The task is to write a class that computes the mean, standard deviation, minimum and maximum of a vector.
The class should be a template class so it can deal with double
and int
.
You can download the full C++ code here and the header file here:
#ifndef SUMMARY_HPP
#define SUMMARY_HPP
#include <vector>
#include <numeric>
#include <cmath>
#include <cstdio>
template<typename T>
class Summarizer {
private:
const std::vector<T>* dat = nullptr;
double n;
public:
// Constructors
Summarizer(const std::vector<T> & dat_);
// Calculators
double mean() const;
double sd() const;
T min() const;
T max() const;
// Printer
void print() const;
};
template<typename T>
inline Summarizer<T>::Summarizer(const std::vector<T> & dat_) {
dat = &dat_;
n = dat->size();
};
template<typename T>
inline double Summarizer<T>::mean() const {
return std::accumulate(
dat->begin(), dat->end(), 0.0
) / n;
};
template<typename T>
inline double Summarizer<T>::sd() const {
double m = mean();
double sum = 0.0;
for (auto & i: *dat)
sum += std::pow(i - m, 2.0);
return std::sqrt(sum / (dat->size() - 1));
};
template<typename T>
inline T Summarizer<T>::min() const {
T min = (*dat)[0];
for (std::size_t i = 1u; i < dat->size(); ++i)
if ((*dat)[i] < min)
min = (*dat)[i];
return min;
};
template<typename T>
inline T Summarizer<T>::max() const {
T max = (*dat)[0];
for (std::size_t i = 1u; i < dat->size(); ++i)
if ((*dat)[i] > max)
max = (*dat)[i];
return max;
};
template<>
inline void Summarizer<double>::print() const {
std::printf("Summary for double data\n");
std::printf("Mean : %.2f\n", mean());
std::printf("SD : %.2f\n", sd());
std::printf("Min : %.2f\n", min());
std::printf("Max : %.2f\n", max());
};
template<>
inline void Summarizer<int>::print() const {
std::printf("Summary for int data\n");
std::printf("Mean : %.2f\n", mean());
std::printf("SD : %.2f\n", sd());
std::printf("Min : %d\n", min());
std::printf("Max : %d\n", max());
};
#endif
template<typename T>
inline Summarizer<T>::Summarizer(const std::vector<T> & dat_) {
dat = &dat_;
n = dat->size();
};
The implementation of the constructor is done outside of the function.
The inline
keyword is used to tell the compiler to insert the code in the place where the function is called (more efficient).

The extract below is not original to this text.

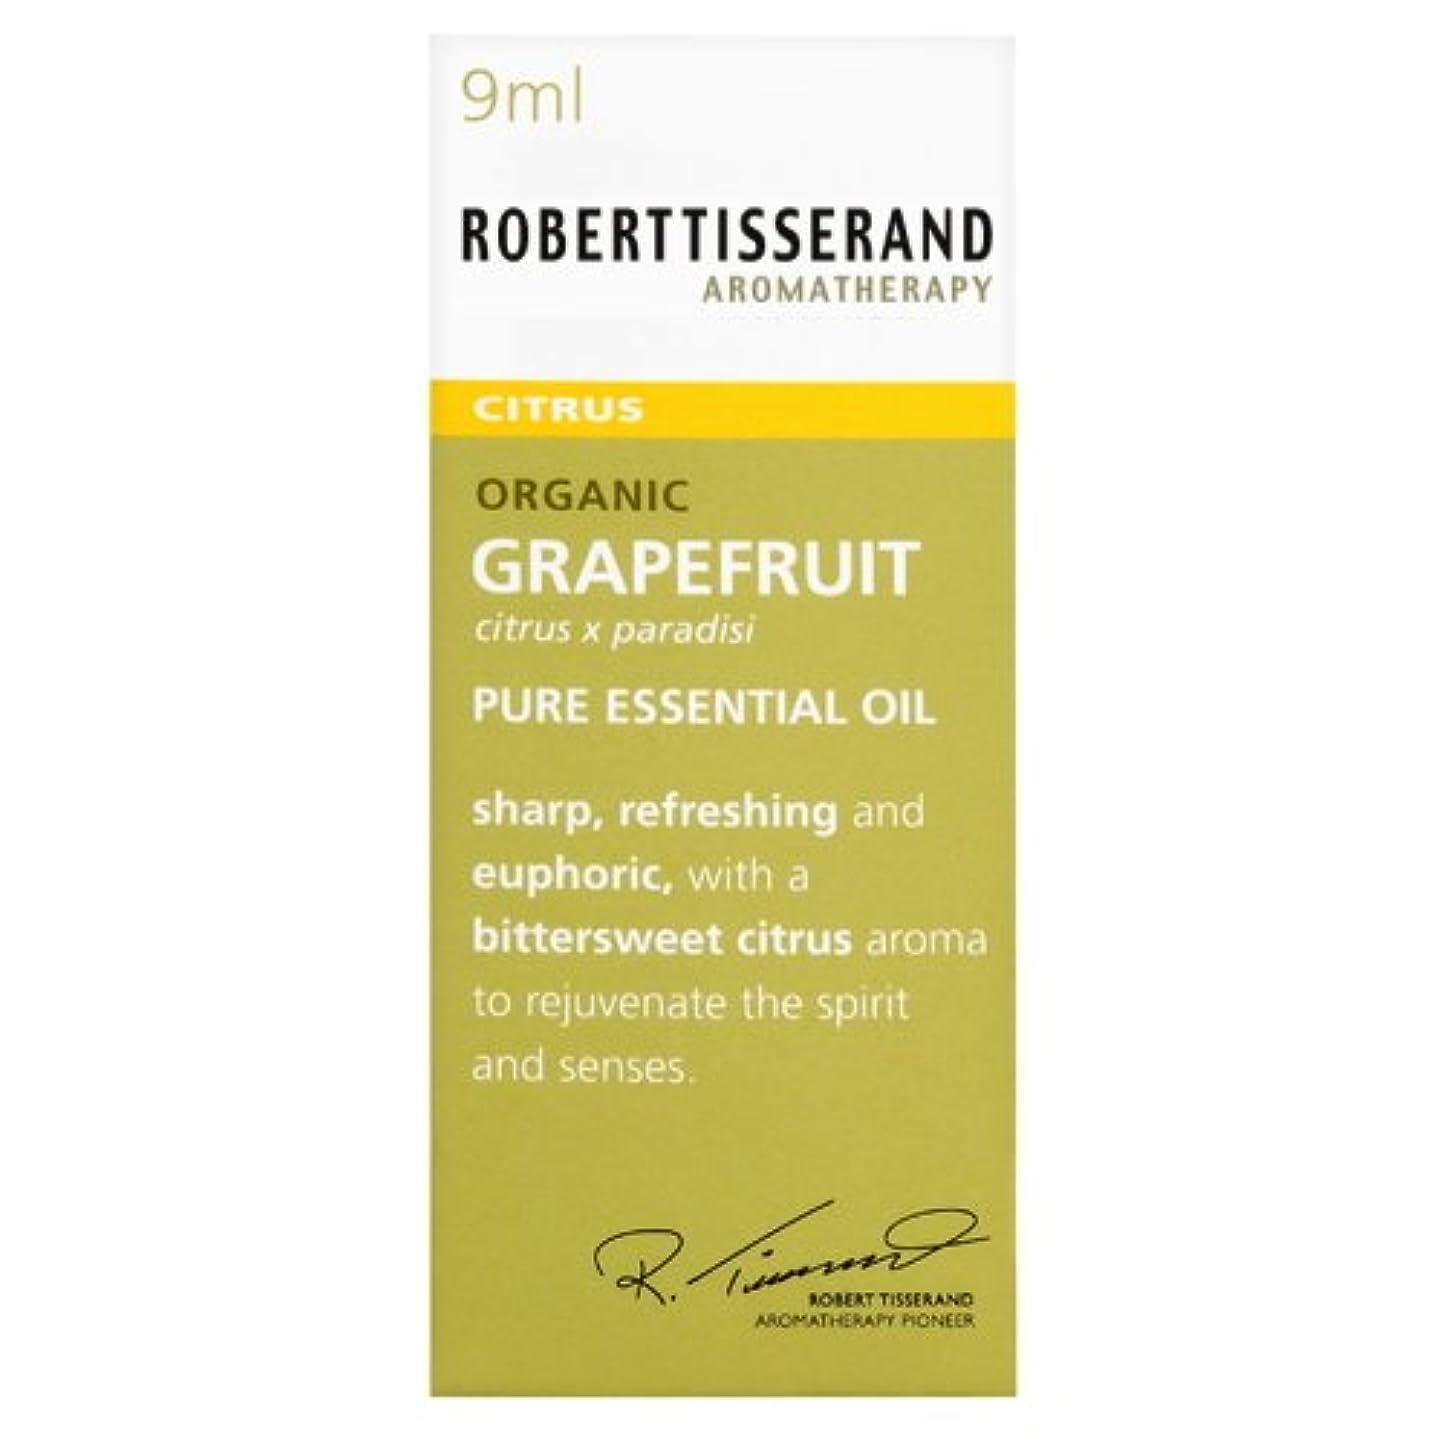 フロンティア電圧スチールロバートティスランド 英国土壌協会認証 オーガニック グレープフルーツ 9ml

Here, data is passed by reference and then the pointer is stored.
template<typename T>
inline double Summarizer<T>::mean() const {
return std::accumulate(
dat->begin(), dat->end(), 0.0
) / n;
};
The function is declared as const
to tell the compiler that the function does not modify the object (the class itself).
The mean function uses the std::accumulate
function.
Since dat
is a pointer to a vector, we can access the members of dat
via the ->
operator (otherwise it would be using a .
operator).
#include "summary.hpp"
int main() {
// Some data
std::vector< double > dat = {1.0, 2.5, 4.4};
std::vector< int > dat2 = {1, 2, 3, 4, 5};
// Summarize the data
Summarizer<double> s_double(dat);
s_double.print();
Summarizer<int> s_int(dat2);
s_int.print();
return 0;
}
Summary for double data
Mean : 2.63
SD : 1.70
Min : 1.00
Max : 4.40
Summary for int data
Mean : 3.00
SD : 1.58
Min : 1
Max : 5